[Task brief]: In your copy of the listing below, reproduce each word exactly and include no pictures.

[Supplied material]:
#####

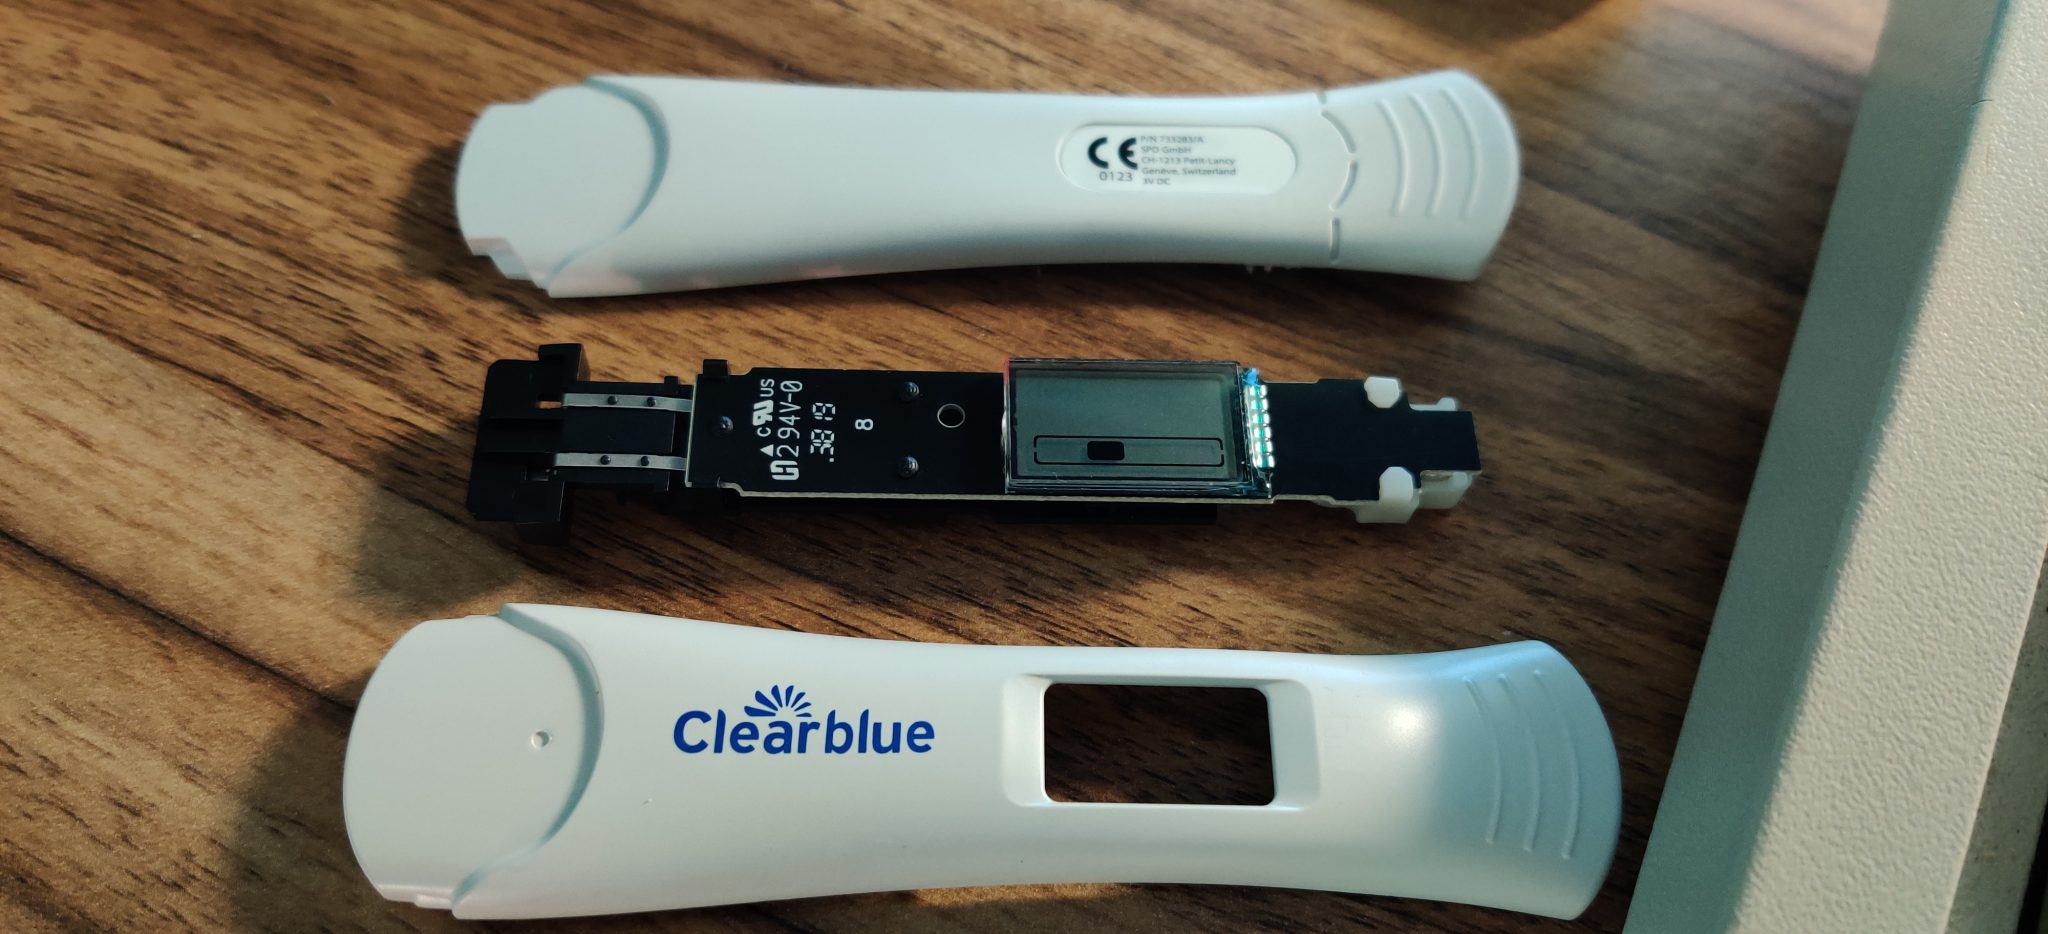 Когда покажет электронный тест. Разобранный тест Clearblue цифровой положительный. Электронный тест на беременность. Электронный тестер на беременность. Положительный тест на беременность электронный.
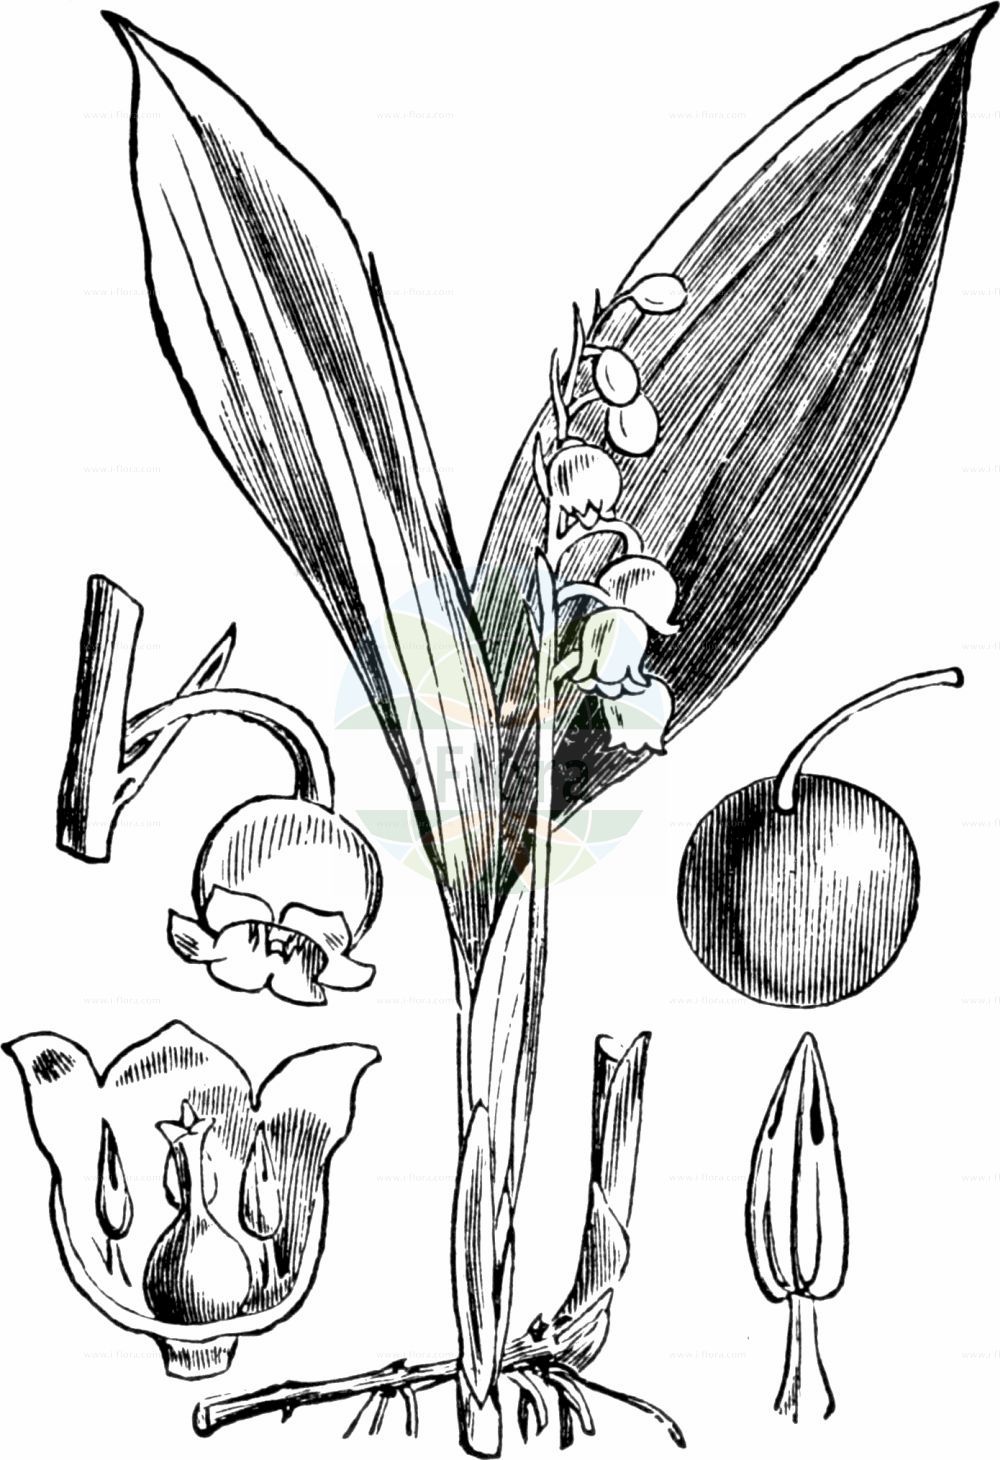 Historische Abbildung von Convallaria majalis (Maiglöckchen - Lily-of-The-Valley). Das Bild zeigt Blatt, Bluete, Frucht und Same. ---- Historical Drawing of Convallaria majalis (Maiglöckchen - Lily-of-The-Valley). The image is showing leaf, flower, fruit and seed.(Convallaria majalis,Maiglöckchen,Lily-of-The-Valley,Convallaria bracteata,Convallaria fragrans,Convallaria latifolia,Convallaria linnaei,Convallaria majalis,Convallaria mappii,Convallaria scaposa,Convallaria transcaucasica,Lilium convallium,Lilium-convallium majale,Polygonatum majale,Maigloeckchen,Maiblume,Lily-of-The-Valley,European Lily Of The Valley,May Lily,Convallaria,Maiglöckchen,Lily-of-The-Valley,Asparagaceae,Spargelgewächse,Asparagus family,Blatt,Bluete,Frucht,Same,leaf,flower,fruit,seed,Fitch et al. (1880))
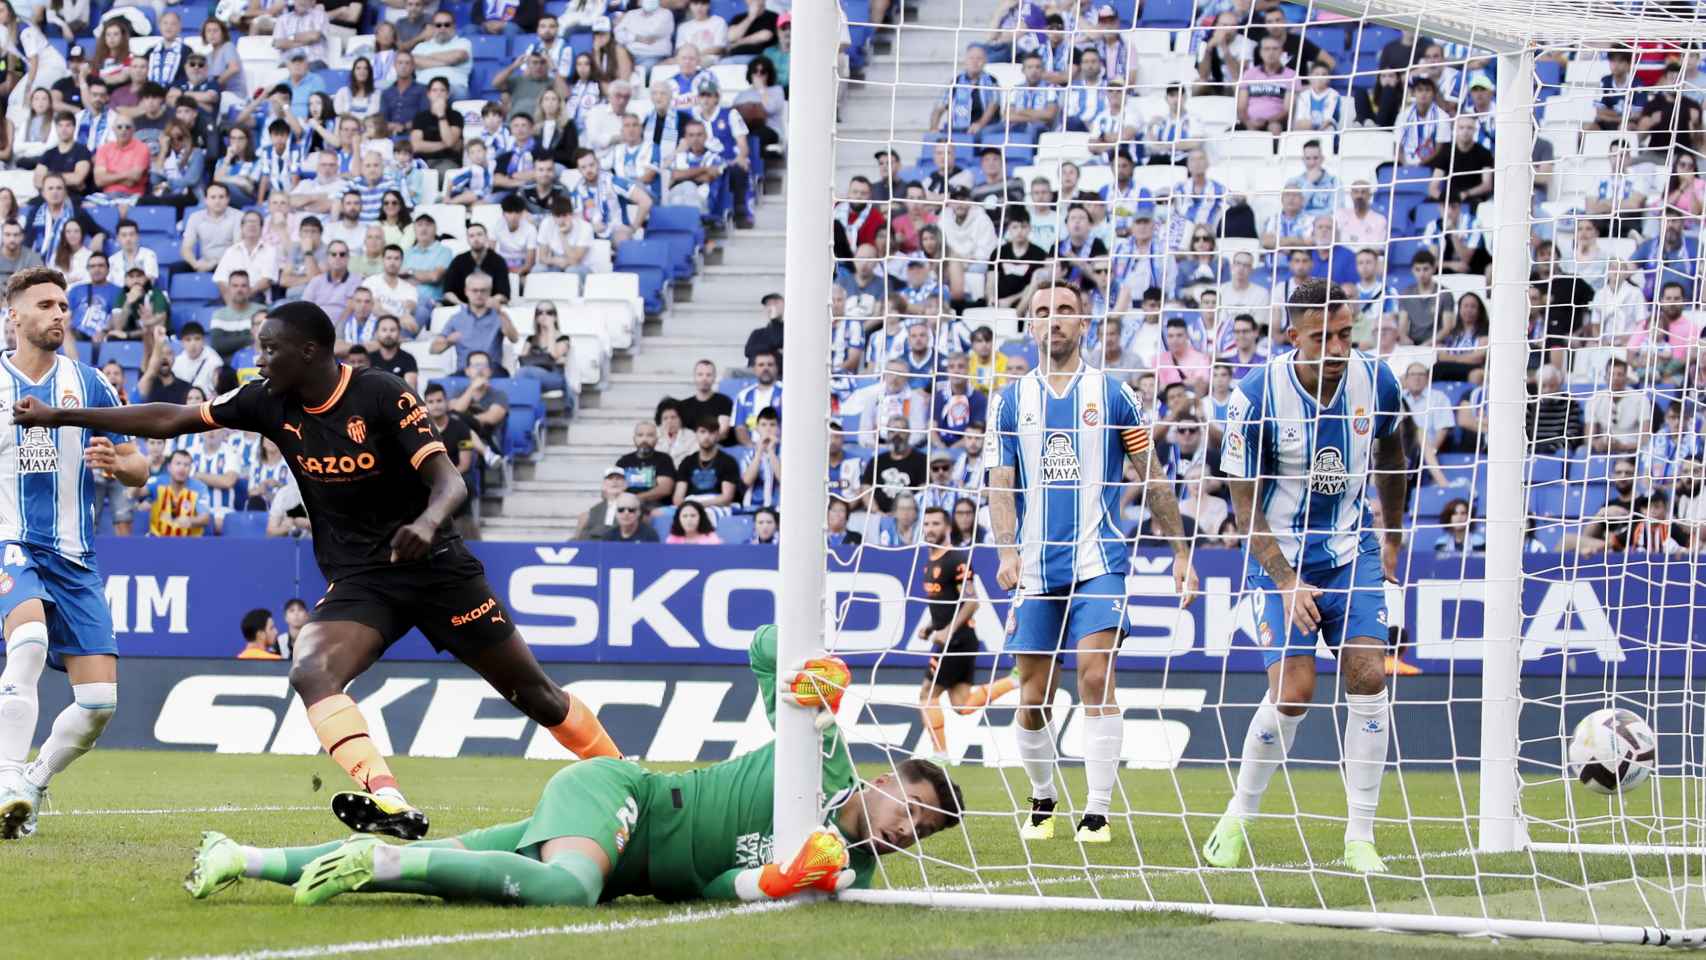 Llamarada Peregrinación Oxido Espanyol 2-2 Valencia | Resultado, resumen y estadísticas del partido de la  jornada 7

#####

[Solution to this task]:
 Когда покажет электронный тест. Разобранный тест Clearblue цифровой положительный. Электронный тест на беременность. Электронный тестер на беременность. Положительный тест на беременность электронный.
 Historische Abbildung von Convallaria majalis (Maiglöckchen - Lily-of-The-Valley). Das Bild zeigt Blatt, Bluete, Frucht und Same. ---- Historical Drawing of Convallaria majalis (Maiglöckchen - Lily-of-The-Valley). The image is showing leaf, flower, fruit and seed.(Convallaria majalis,Maiglöckchen,Lily-of-The-Valley,Convallaria bracteata,Convallaria fragrans,Convallaria latifolia,Convallaria linnaei,Convallaria majalis,Convallaria mappii,Convallaria scaposa,Convallaria transcaucasica,Lilium convallium,Lilium-convallium majale,Polygonatum majale,Maigloeckchen,Maiblume,Lily-of-The-Valley,European Lily Of The Valley,May Lily,Convallaria,Maiglöckchen,Lily-of-The-Valley,Asparagaceae,Spargelgewächse,Asparagus family,Blatt,Bluete,Frucht,Same,leaf,flower,fruit,seed,Fitch et al. (1880))
 Llamarada Peregrinación Oxido Espanyol 2-2 Valencia | Resultado, resumen y estadísticas del partido de la  jornada 7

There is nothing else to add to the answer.